Philadelphia — March, a month dedicated to working women worldwide, began in this city with a demonstration at City Hall in solidarity with Aida Guzmán. It was also to protest the outrageous decision by a municipal judge to exonerate the police officer who attacked her.
Last September, the small, thin, 40-year-old Guzmán was attending a celebration at the end of the Puerto Rican Day Parade in north Philadelphia, home of the city’s Puerto Rican community, when, without any provocation, burly Highway Patrol Lt. Jonathan Josey hit her on the back and punched her in the face. She was knocked, bleeding, to the ground.
The attack was recorded on a cellphone and the video went viral. In spite of the outrage and clear evidence, which prompted several demonstrations organized by mostly Puerto Rican women, it took more than two weeks for the city to charge Josey with simple assault and dismiss him from his job. The Fraternal Order of Police as usual condoned the crime and even held a fundraiser for him.
In an attempt to erase the crime from the public’s mind, what had originally been broad media coverage gave way to complete silence. Activists who had organized demonstrations in the fall were kept unaware of trial dates.
After verdict, revelation about judge
Finally, on Feb. 12, the case was heard in Municipal Court. What happened illustrates the impunity that exists all over the U.S. when it comes to police brutality cases.
The trial against Josey was riddled with impropriety from day one. It lasted only three hours. There was no jury. The court was packed with over 100 police supporting Josey. Judge Patrick Dugan refused to admit the video as evidence, calling it “infamous.” Then, saying he “needed more time to digest this,” Dugan said he would announce his verdict from the bench on Feb. 26. (Daily News, Feb. 28)
Dugan’s verdict was “not guilty.” The courtroom again was packed beyond limit with police, who cheered the judge’s ruling, something not tolerated in any other courtroom. But this was a “family” reunion.
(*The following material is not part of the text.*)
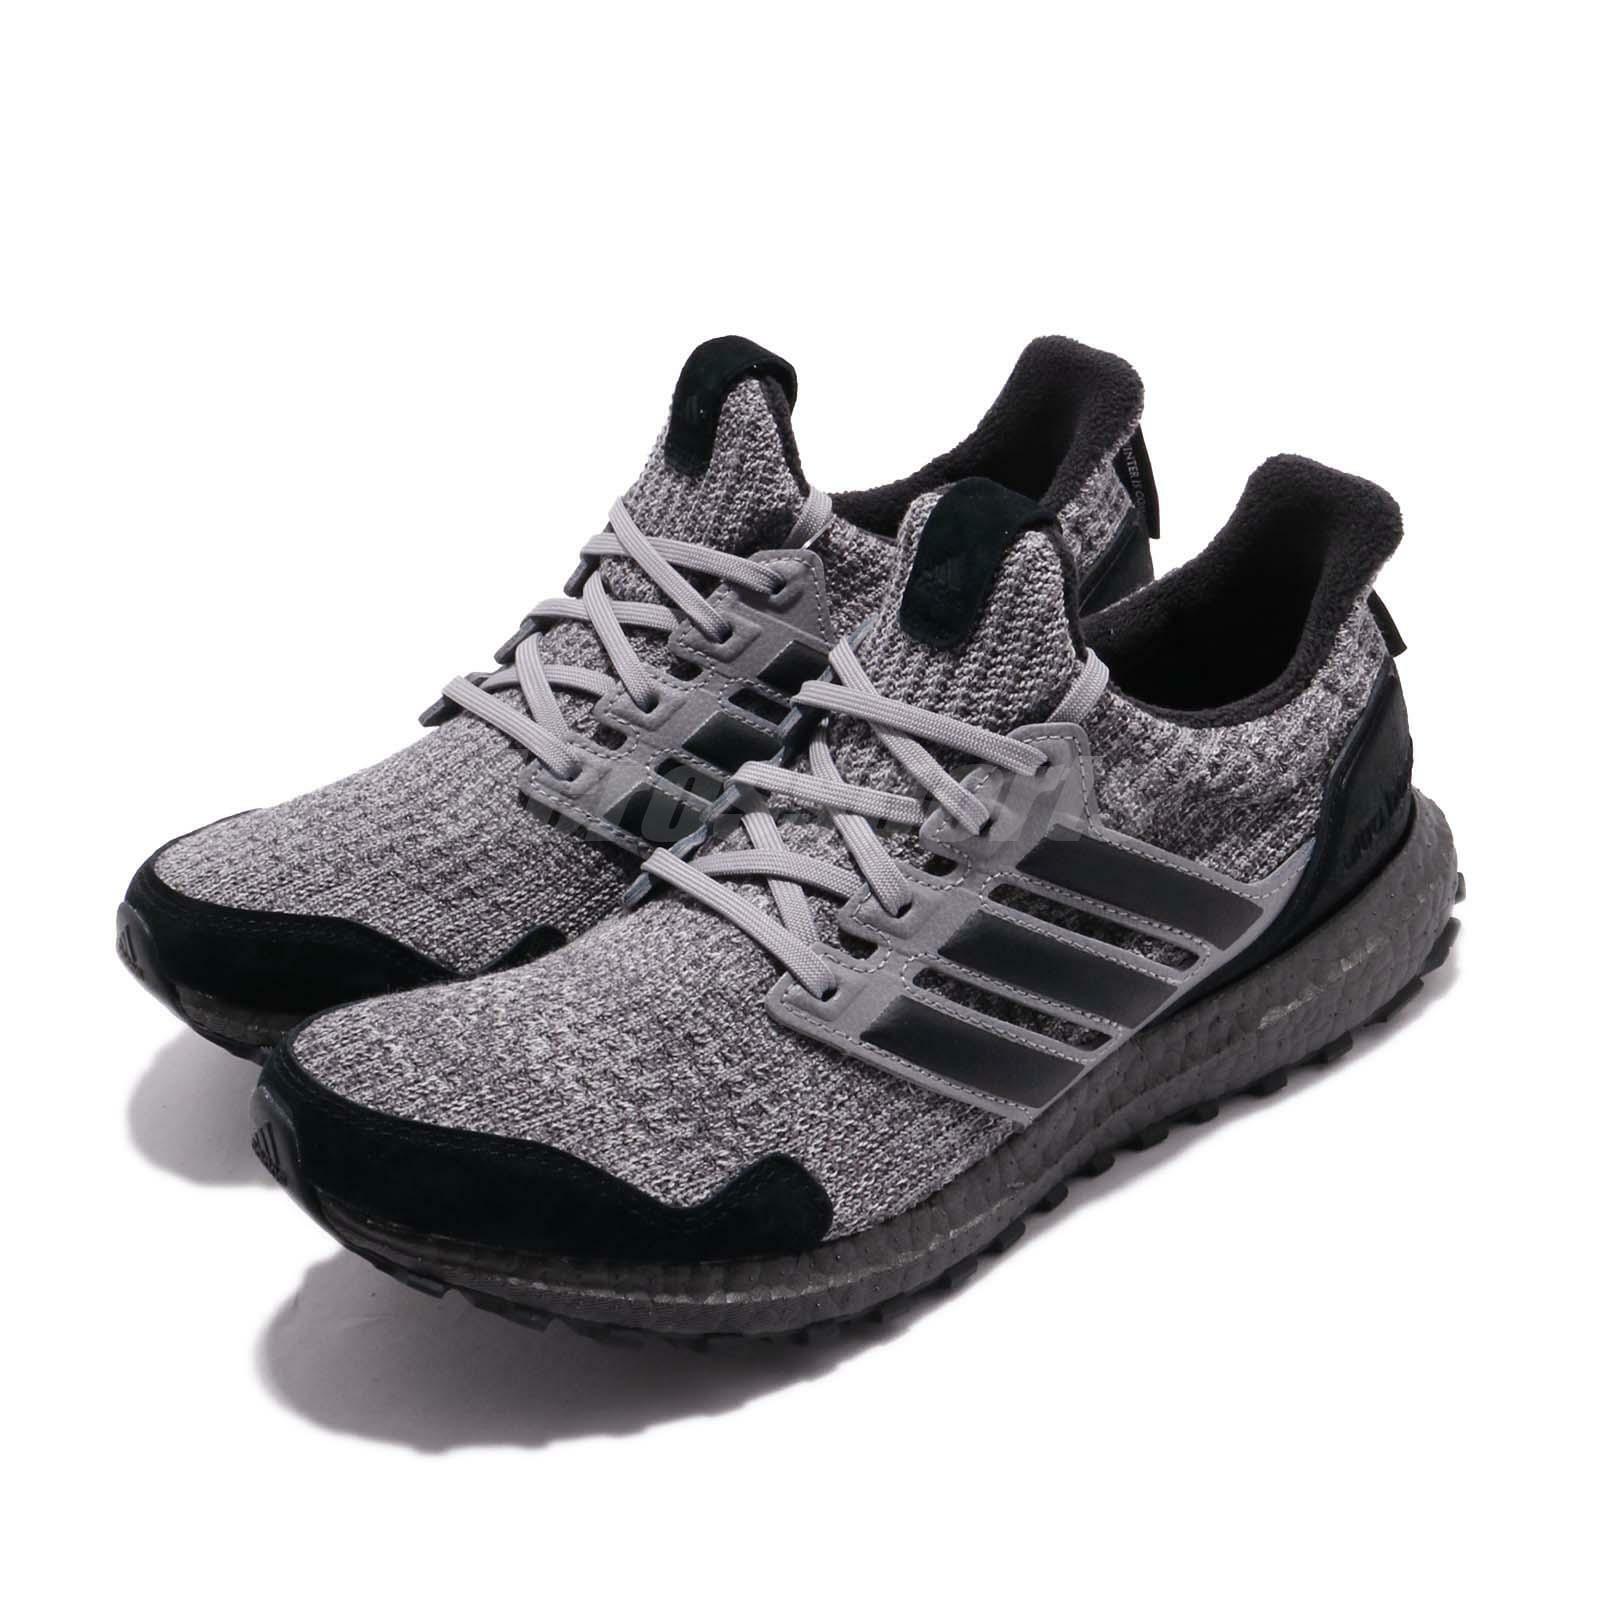 Adidas UltraBOOST Game Of Thrones House Stark negro gris Men Running zapatos EE3706

It was revealed later that day that unbeknownst to Guzmán’s lawyer, Enrique Latoison, the judge is married to a police officer and is supported and endorsed by the FOP.
Judge Dugan’s spouse, Philadelphia Police Officer Nancy Farrell Dugan, attended both court sessions. Latoison told demonstrators on March 1, “When it was brought to my attention that his wife was a police officer, it was very surprising. I consider it to be a conflict of interest.”
Several law experts have commented about this. Lynn A. Marks, the executive director of Pennsylvanians for Modern Courts, said, “At the least [Dugan] should have disclosed to the attorneys that his wife is a police officer, so they could decide if they wanted to bring a motion to recuse.” (phillynews.com, Feb. 28)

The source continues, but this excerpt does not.